A representative question (and the source of the name) is as follows. Assume that some liquid is poured on top of some porous material. Will the liquid be able to make its way from hole to hole and reach the bottom? This physical question is modelled mathematically as a three-dimensional network of n × n × n vertices, usually called "sites", in which the edge or "bonds" between each two neighbors may be open (allowing the liquid through) with probability p, or closed with probability 1 – p, and they are assumed to be independent. Therefore, for a given p, what is the probability that an open path (meaning a path, each of whose links is an "open" bond) exists from the top to the bottom? The behavior for large n is of primary interest. This problem, called now bond percolation, was introduced in the mathematics literature by Broadbent & Hammersley (1957),^[1] and has been studied intensively by mathematicians and physicists since then.

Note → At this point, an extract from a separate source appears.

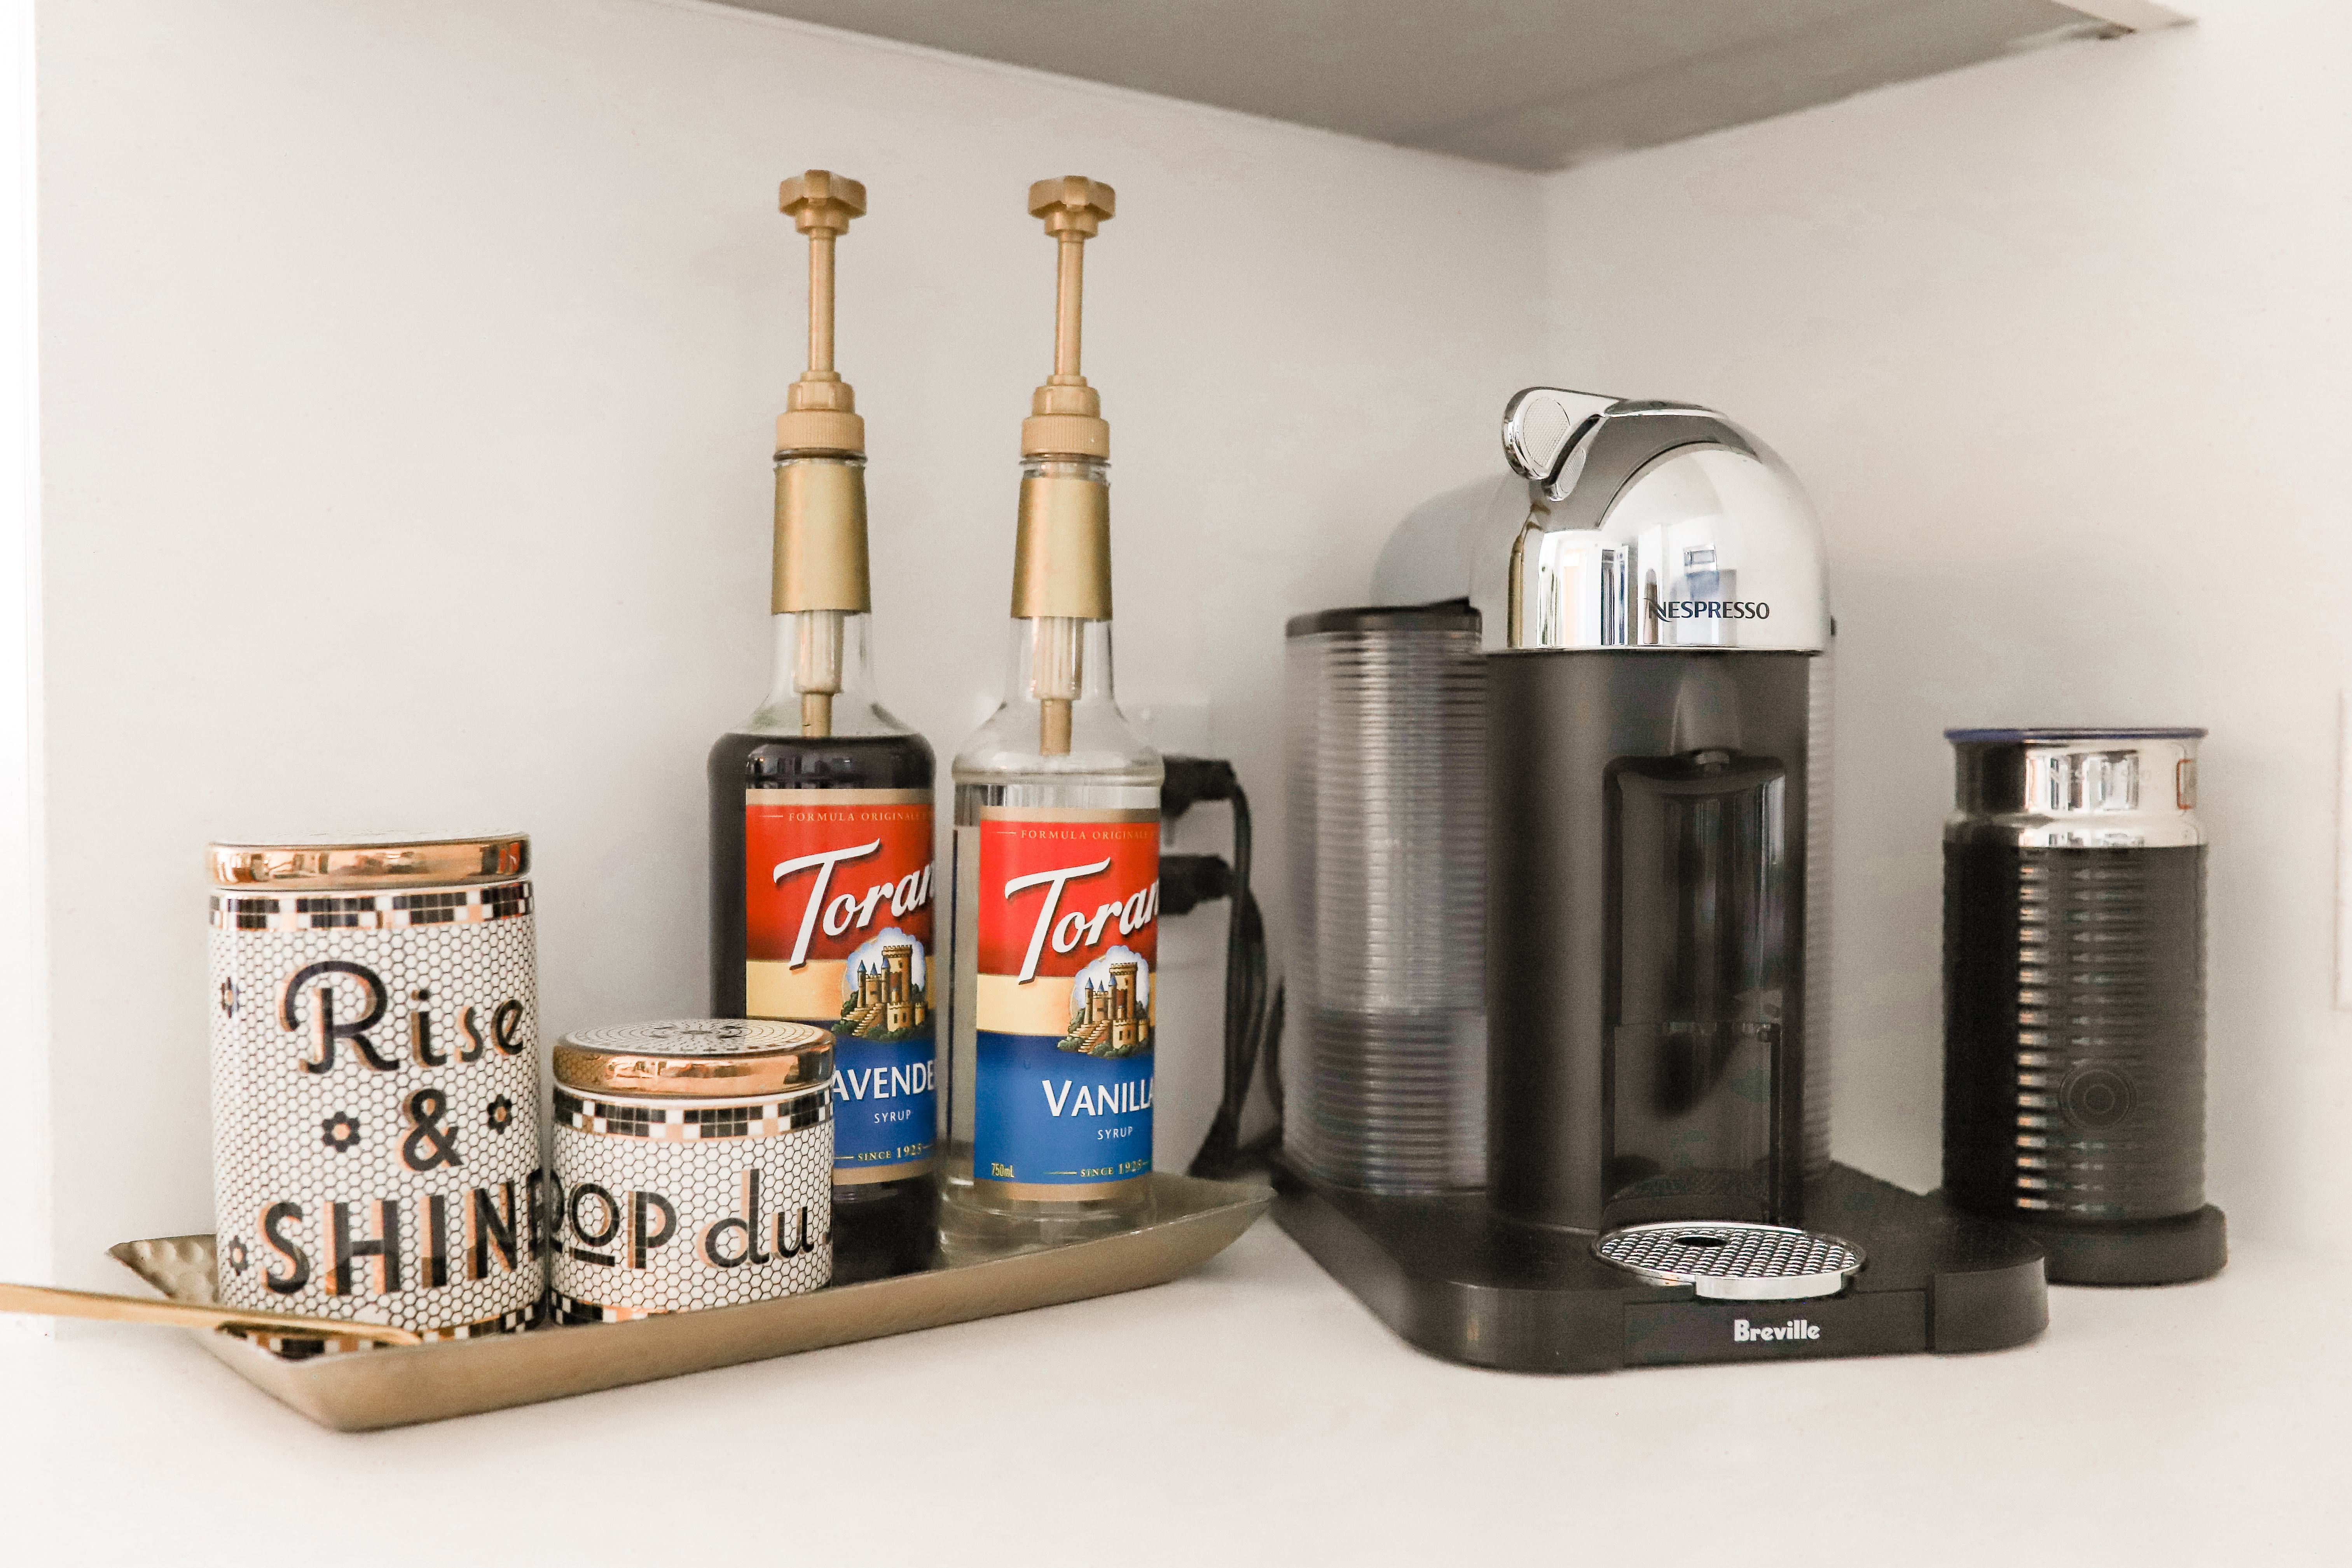 Nespresso machine and coffee syrups.

In a slightly different mathematical model for obtaining a random graph, a site is "occupied" with probability p or "empty" (in which case its edges are removed) with probability 1-p; the corresponding problem is called site percolation. The question is the same: for a given p, what is the probability that a path exists between top and bottom?

Of course the same questions can be asked for any lattice dimension. As is quite typical, it is actually easier to examine infinite networks than just large ones. In this case the corresponding question is: does an infinite open cluster exist? That is, is there a path of connected points of infinite length "through" the network? By Kolmogorov's zero-one law, for any given p, the probability that an infinite cluster exists is either zero or one. Since this probability is an increasing function of p (proof via coupling argument), there must be a critical p (denoted by p_c) below which the probability is always 0 and above which the probability is always 1. In practice, this criticality is very easy to observe. Even for n as small as 100, the probability of an open path from the top to the bottom increases sharply from very close to zero to very close to one in a short span of values of p.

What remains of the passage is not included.